I suspect that my name has shaped my life in all kinds of ways, and mostly for the better. For a start, people think you’re posh, which is always useful. And the name is a tremendous ice-breaker at parties, though you have to be careful with the formalities. Almost all Dominics go by ‘Dom’, as in Perignon, but we make sure to introduce ourselves with the full three syllables. If you’re shouting into the ear of a young woman in a noisy pub or nightclub, your chances will not be augmented by her thinking whether she wants to spend the rest of her life with a Don.
If the Doms of Old England are suburban social-climbers, the Doms of America are a rougher, louder and more democratic breed. Where I live, in Boston, Massachusetts, all the other Doms are from the Irish and Italian aristocracies of labour. No wiring, piping, painting, plastering or boiler-service is complete without the ethno-religious dialogue that Van Morrison would call ‘St. Dominic’s Preview’.
When Pat or Mike hears my name, he nods in benediction and leaves it at that. But when Angelo or Tony comes into the kitchen, I put the kettle on.
‘Dominic? They have Dominics in England?’ His eyes moisten. ‘You Italian?’
‘Jewish, actually,’ I jump ahead. ‘They liked the name.’
Nothing human is alien to a man who spends half his life in other people’s basements, so we proceed to the crucial question of spelling. All of us dislike the French unisex ‘Dominique’: mention of this sordid variation never fails to produce grimaces and slow shakes of the head. And of course, we share a worldly appreciation of the Spanish ‘Domingo’ and the Greek ‘Domenikos’, which was El Greco’s real name.

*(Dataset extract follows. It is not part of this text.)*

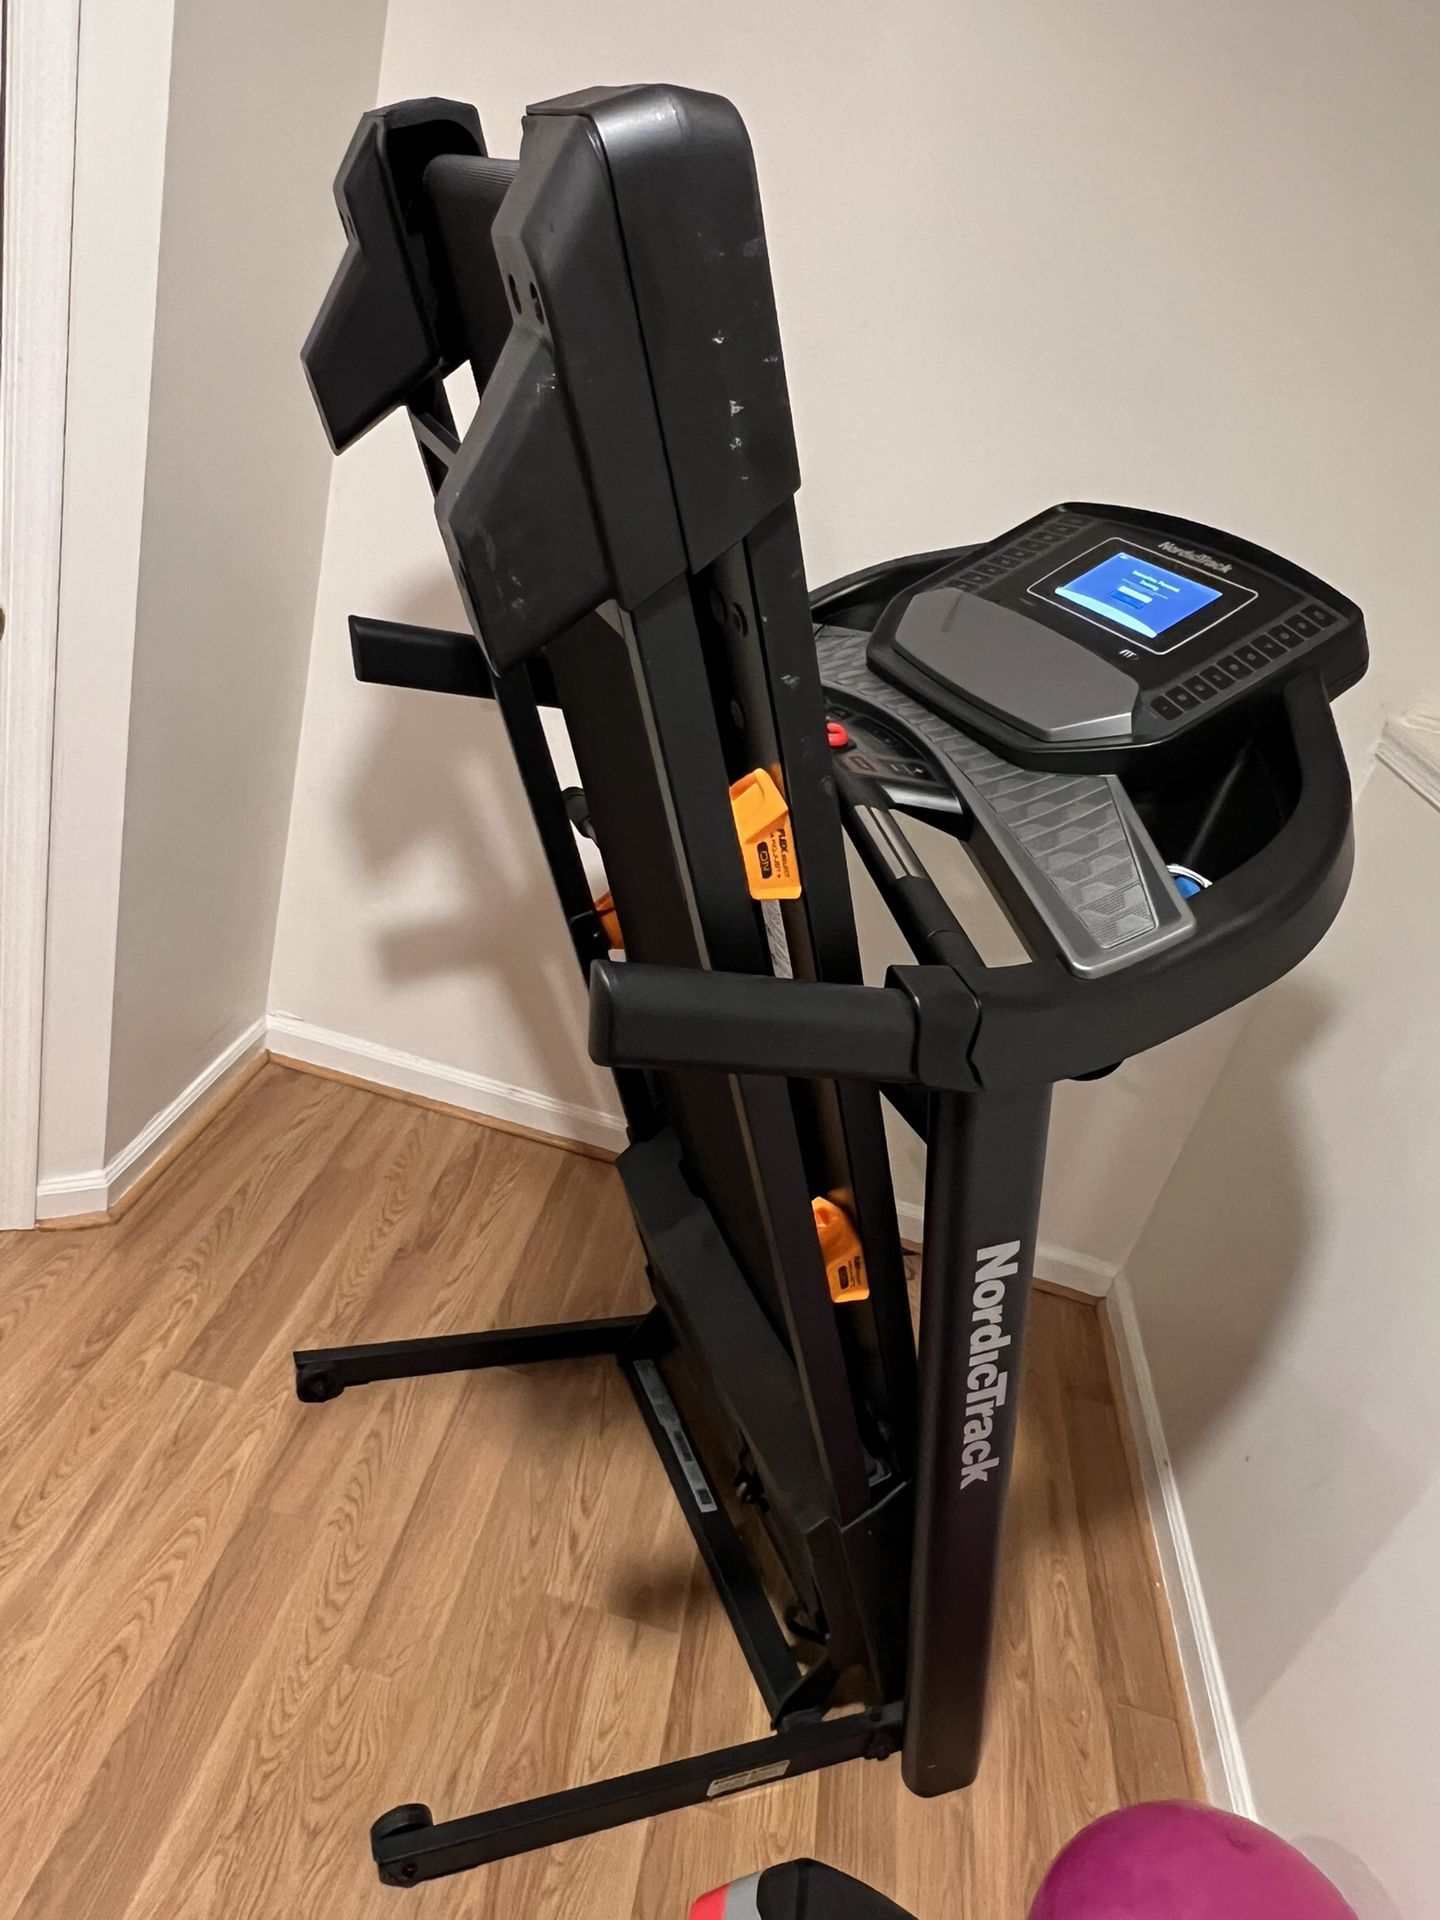 NordicTrack C 700 Folding Treadmill with 7” Interactive Touchscreen

But my American cognate-cousin is often unaware of the English ‘Dominic’. This is because he’s usually ‘Dominick’, especially if he’s Italian.

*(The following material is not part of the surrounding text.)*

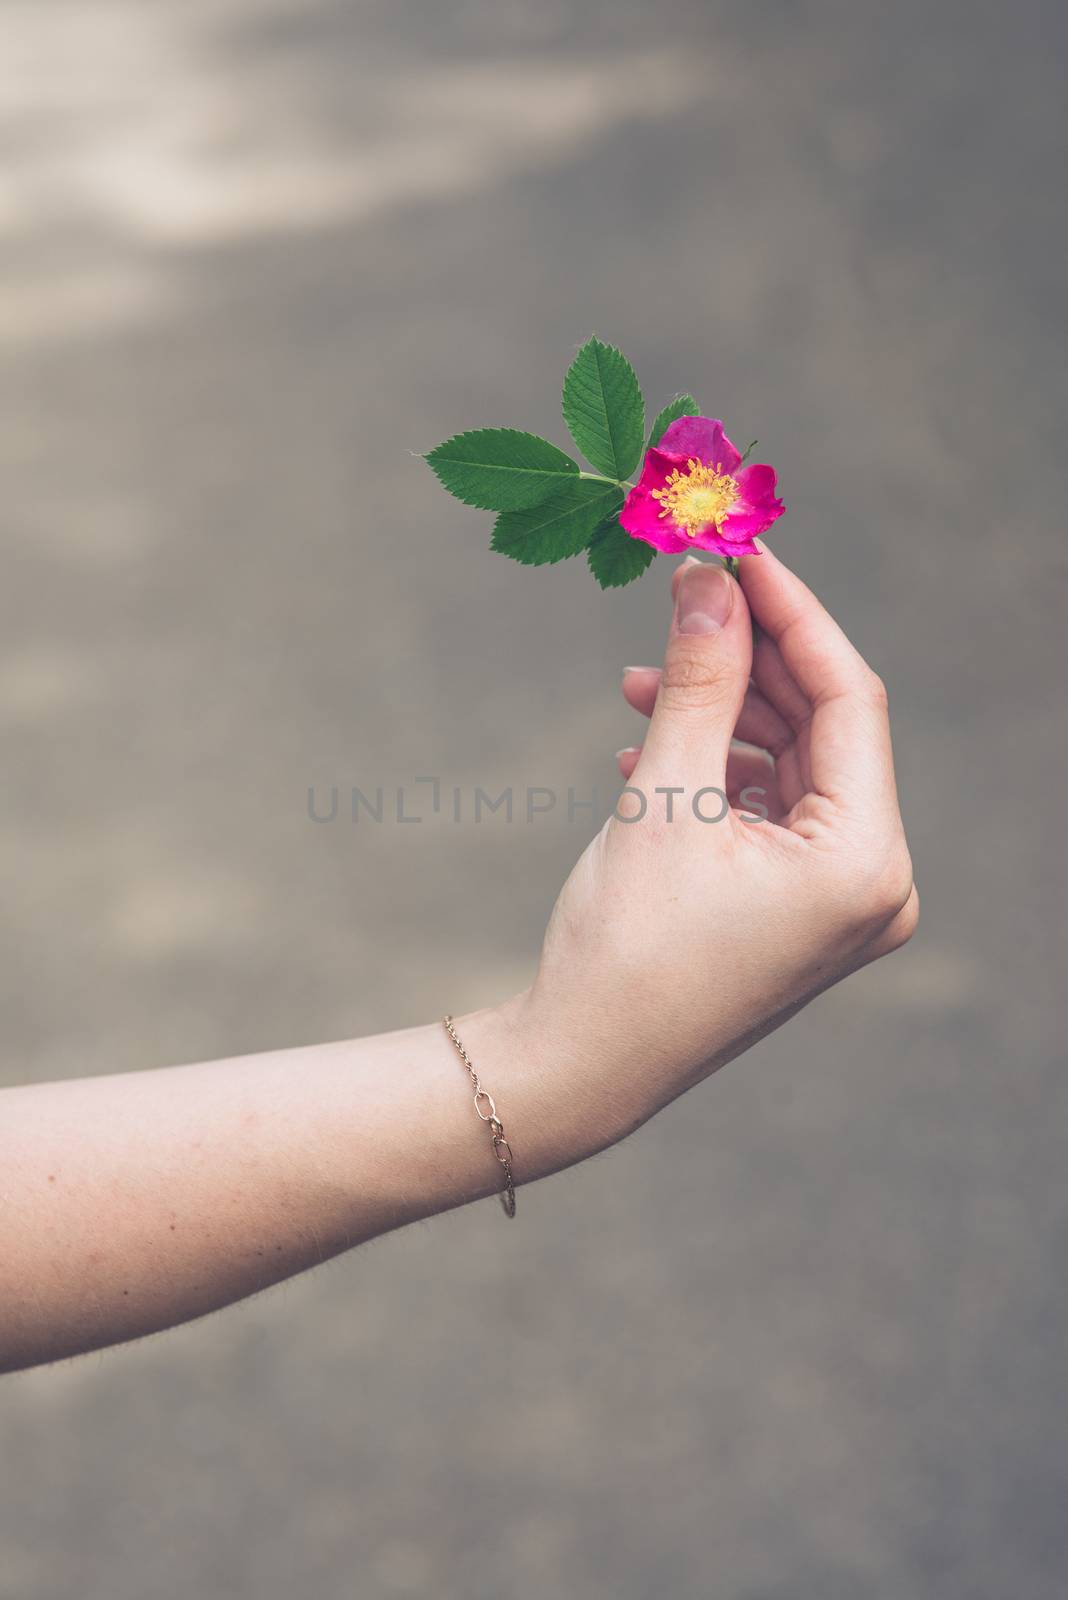 the hand of the girl with the golden chain keeps the redflower briar against blurred background with copyspace.

The class associations of American ‘are the opposite of those of English ‘Dominic’. Take Dominick Santoro, who runs a mob with his brother Nicky in Martin Scorcese’s Casino. After a small disagreement with other members of the Italian-American business community, the Santoro brothers are beaten half to death with baseball bats, then buried alive in quicklime. It’s hard to imagine their fate being visited on Dominic Grieve. But not impossible.
The Dominick in my kitchen issues instructions about fuse boxes and pipe pressures. I stand there, legs slightly apart, hands on hip, nodding in manly fashion until my wife cannot contain her disgust any longer and advises him that I have no idea what he’s on about and he should address the organ grinder, not the monkey. Truly, Dominic is a classy name, whichever class you’re dealing with.
In such moments of intimacy, Italian-Americans sometimes shorten my name to ‘Nick’ or ‘Nicky’. I have only encountered this once in Britain, and hope that social isolation will prevent it from infecting the general population.